I was raised by a single Korean mom, but I was also inadvertently raised by pop culture. My mom worked countless hours in a computer factory during the week and had a store at the flea market on the weekends. Just like most other immigrant parents, she had no time for fun activities or family vacations because she was constantly working to provide for her family. My mom was always so tired when she came home from work, so I never expected her to come up with clever ways to amuse me and my brother. We discovered our own hobbies to occupy our time, and mine included playing Nintendo, recording my favorite radio songs onto cassette tapes, and being scared.
I loved to be scared in any way, shape or form. I attribute this to my father because the few times that he was around when I was younger, we usually ended up watching movies. We’d go to Blockbuster and he’d let my brother and I pick out as many VHS tapes as we wanted, even if they were rated R. He rented movies like The Exorcist and Texas Chainsaw Massacre, and my 8-year-old self would be glued to the screen along with my 10-year-old brother, too scared to say a word but too intrigued to turn away. I had nightmares of Leatherface coming out of my closet or Linda Blair lying next to me in bed. But once I got past them, I became addicted to the genre.
Fast forward a few years later in middle school when my parents divorced, and an adolescent me was left to find ways to pass the time. Yes, I watched Saturday morning shows like Pee Wee’s Playhouse and X-Men: The Animated Series, and after school shows like Small Wonder, and evening shows like In Living Color, but my absolute favorite shows came on late at night.
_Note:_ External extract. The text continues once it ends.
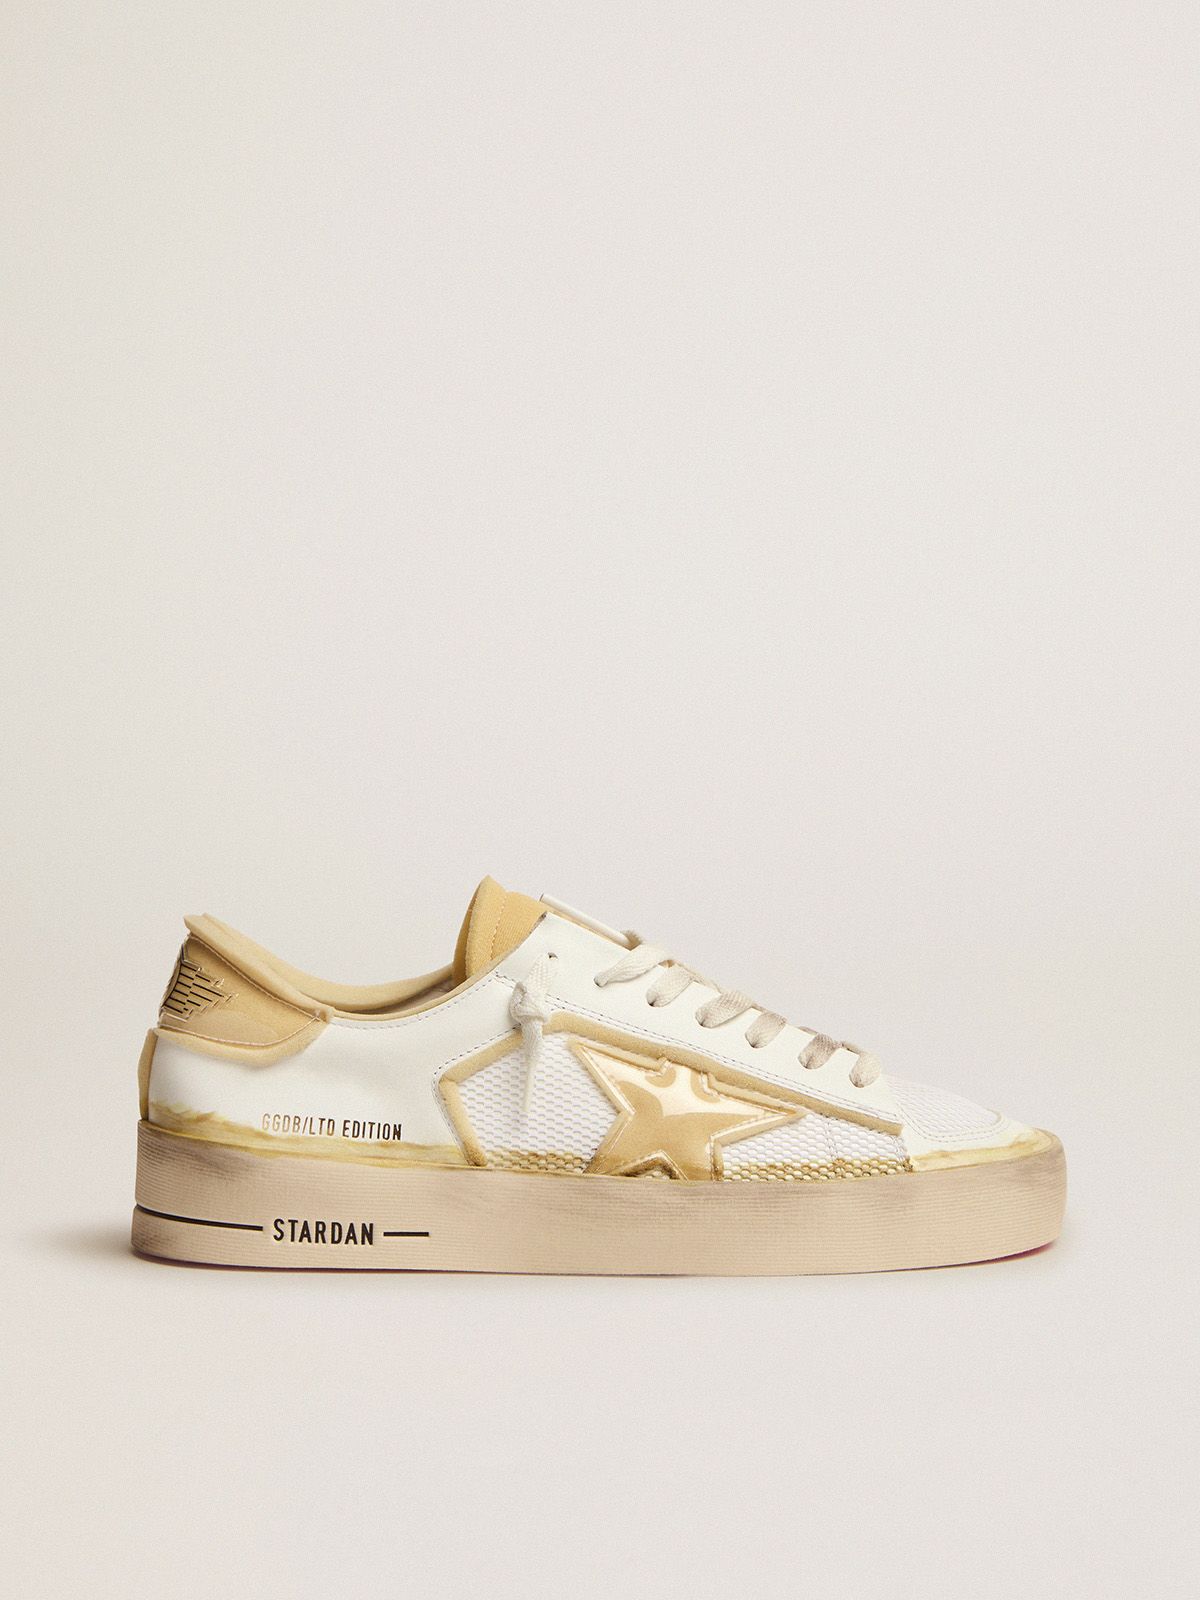 Golden Goose Saldi Uomo Stardan LAB sneakers in white leather with foam and PVC inserts
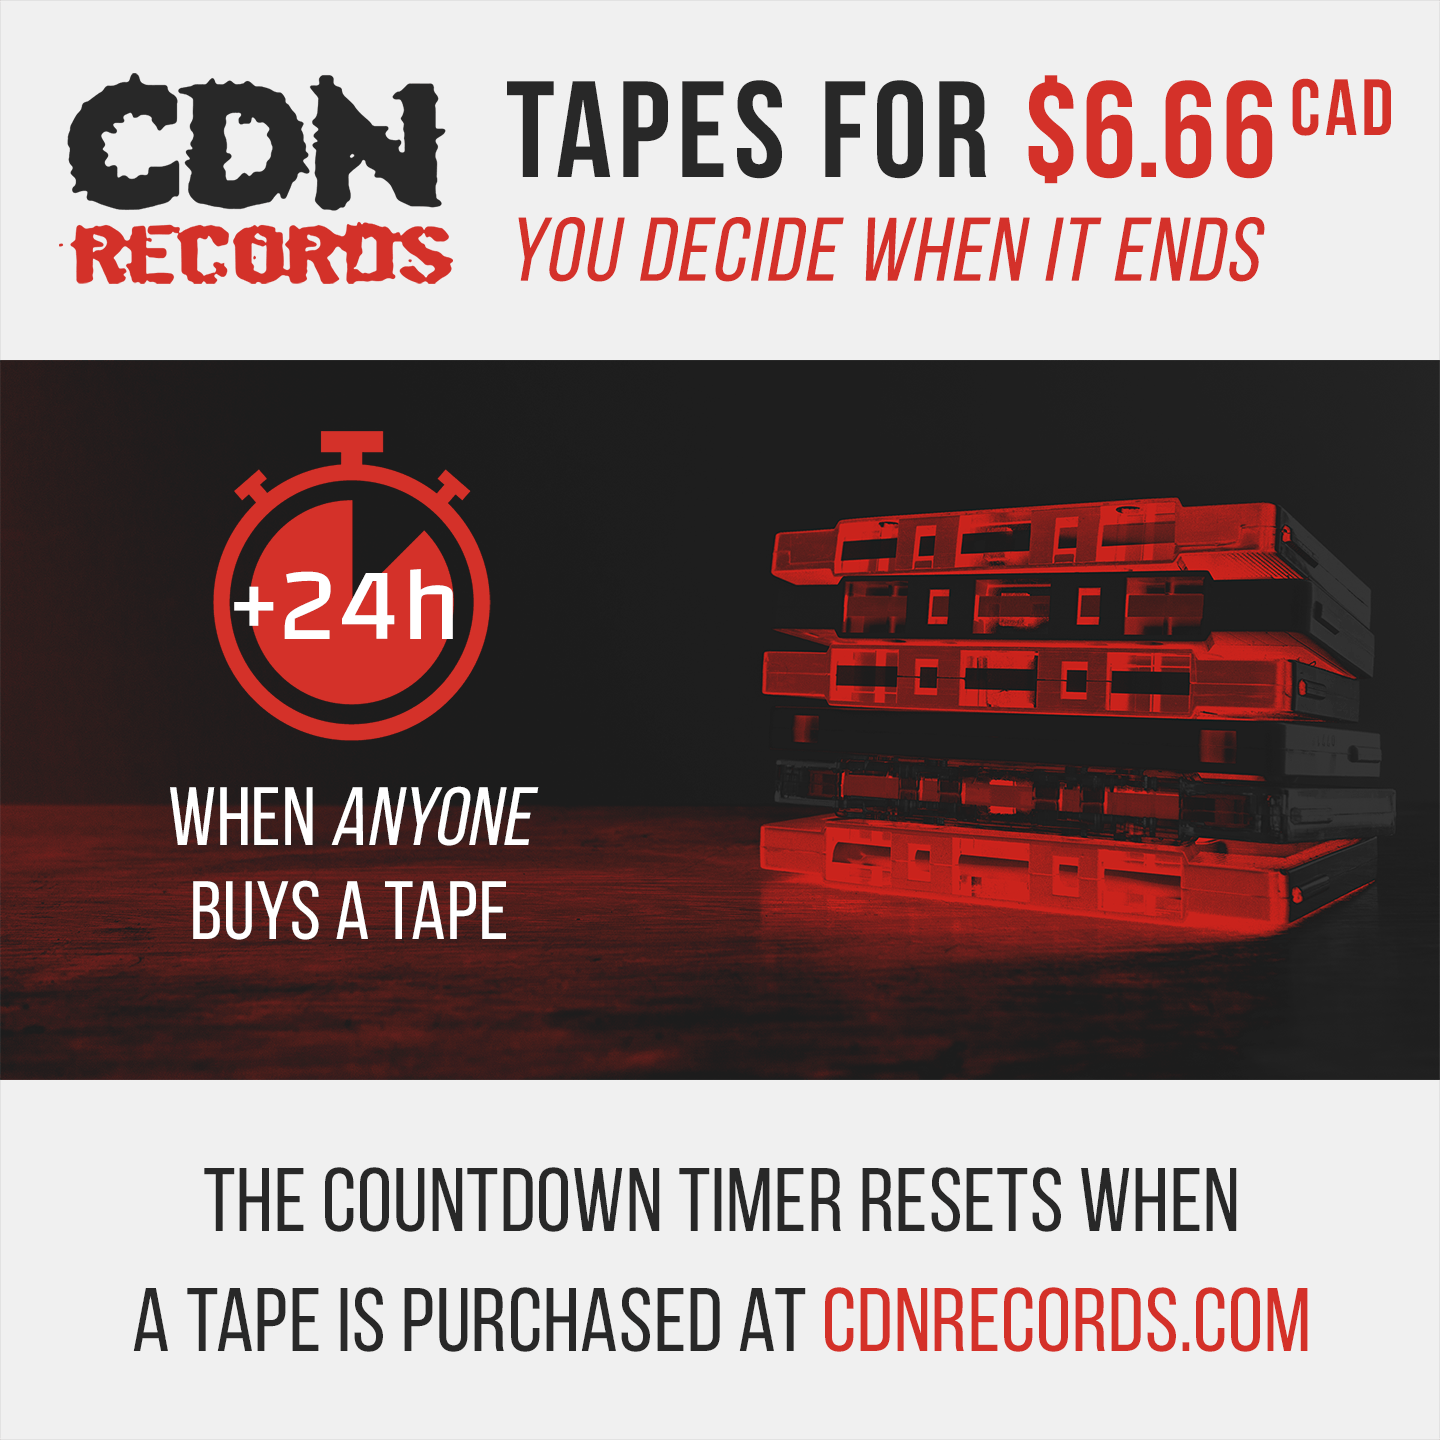 Promo for timed tape sale

I was fortunate enough to have cable growing up, so that is where I religiously watched cheesy B-rated horror movies like Sleepaway Camp on USA and yes, as much as it pains me to admit it, Friday the 13th: The Series and Freddy’s Nightmares (a spin-off A Nightmare on Elm Street). Hey, I never said that I had good taste.
We also had HBO, and that is where I first encountered Tales from the Crypt. The show is based off the 1950s EC Comics series of the same name, and it features a corpse-like, cackling host called the Crypt Keeper who introduces each half-hour episode. The first time I saw it I was hooked! It had everything that I had grown to love: blood, murder, suspense, supernatural elements and of course, profanity. Plus, this crazy puppet constantly cracked jokes, and it was refreshing to laugh out loud one minute and jump out of my seat the next. I loved that the show appealed to my weird, sarcastic self, and never missed a chance to watch it late on Wednesday nights or later on syndication. Maybe I felt a kinship to the Crypt Keeper because I myself was a bit strange, and maybe I admired him because he said and did what he wanted to, whereas I was a shy, nerdy Asian girl who never got into trouble. It was probably both.
Remember this intro?
After learning that the show was based off a comic series, I was eager to read the actual comics. Luckily for me, the 1950s magazines were reprinted during in the early 1990s by Gemstone Publishing, so I was able to convince my mom to buy them for me. She was avidly against anything horror-related, but she knew that she couldn’t stop me from pursuing it, so she reluctantly gave in. I stocked up on Tales from the Crypt and two other horror anthology series created by EC Comics, The Vault of Horror and The Haunt of Fear, and read them before I went to bed. I loved their old school 1950s feel and their amazing artwork, which was very macabre and graphic for the time period. I was still interested in more mainstream comics like Betty and Veronica, X-Men and Fantastic Four, but these were my favorites, and they made me happy.
Around this same time I also watched the George Romero-directed horror films Creepshow and Creepshow 2, both which were made in the ‘80s and paid homage to the 1950s EC Comics. The films, which include several separate short horror stories, are tied together with animated sequences of a young boy named Billy reading a horror comic. I felt like little Billy was me (except that he was a boy and not Asian), and he got the same rush that I felt when I read these tales of terror. I loved these comic-infused movies, and to this day I just don’t think that they make films as good as them (but that’s a whole other NOC post).
So that’s how I grew to enjoy comics and zombies and the supernatural. That’s why I love The Walking Dead and watch John Carpenter’s The Thing whenever it’s on television, and why horror-themed comics-turned-movies like Blade and 30 Days of Night are my preference. My mom still shakes her head whenever I visit her and she sees that I’ve rented a horror movie from RedBox, but she realized the damage was done years ago, and she still loves me.